(i) Let assume that \(\frac{1}{\sqrt2}\) is rational

Therefore it can be expressed in the form of \(\frac{p}{q}\), where p and q are integers and q ≠ 0

Therefore we can write \(\frac{1}{\sqrt2}\) = \(\frac{p}{q}\)

√2 = \(\frac{q}{p}\)

\(\frac{q}{p}\) is a rational number as p and q are integers.

Therefore √2 is rational which contradicts the fact that √2 is irrational.

Hence, our assumption is false and we can say that \(\frac{1}{\sqrt2}\) is irrational.

(ii) Let assume that 7√5 is rational therefore it can be written in the form of \(\frac{p}{q}\)

where p and q are integers and q ≠ 0.

Moreover, let p and q have no common divisor > 1.

7√5 = \(\frac{p}{q}\) for some integers p and q

Therefore √5 = \(\frac{p}{7q}\)

\(\frac{p}{7q}\)is rational as p and q are integers, therefore √5 should be rational.

This contradicts the fact that √5 is irrational.

Therefore our assumption that 7√5 is rational is false.

Hence 7√5 is irrational.

(iii) Let assume that 6 + √2 is rational therefore it can be written in the form of \(\frac{p}{q}\)

where p and q are integers and q ≠ 0.

Moreover, let p and q have no common divisor > 1.

6 + √2 = \(\frac{p}{q}\) for some integers p and q

Therefore √2 = \(\frac{p}{q}\) - 6

Since p and q are integers therefore \(\frac{p}{q}\) - 6 is rational, hence √2 should be rational.

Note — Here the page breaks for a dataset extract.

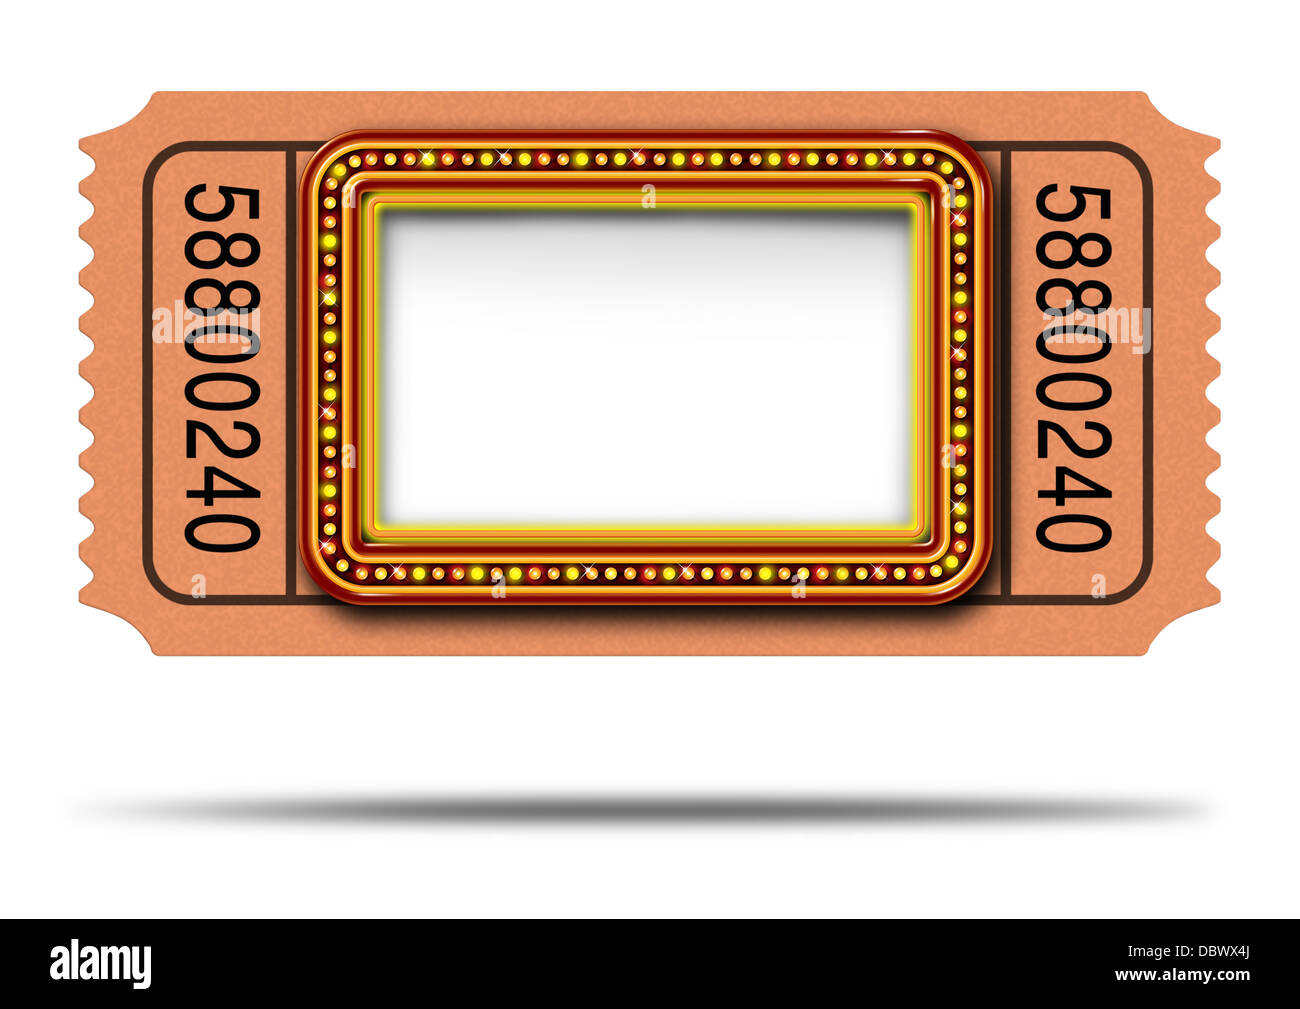 Charmant Marquee Rahmen Galerie - Rahmen Ideen - markjohnsonshow.info

This contradicts the fact that √2 is irrational.

Therefore our assumption is false.

Hence, 6 + √2 is irrational.

(iv) Let us assume that 3 - √5 is rational

Therefore 3 - √5 can be written in the form of \(\frac{p}{q}\) where p and q are integers and q ≠ 0

3 - √5 = \(\frac{p}{q}\) ⇒ \(\frac{p}{q}\) - 3 = √5

⇒ \(\frac{p-3q}{q}\) = √5

Since p, q and 3 are integers therefore \(\frac{p-3q}{q}\) is rational number

But we know √5 is irrational number,

Therefore it is a contradiction.

Hence 3 - √5 is irrational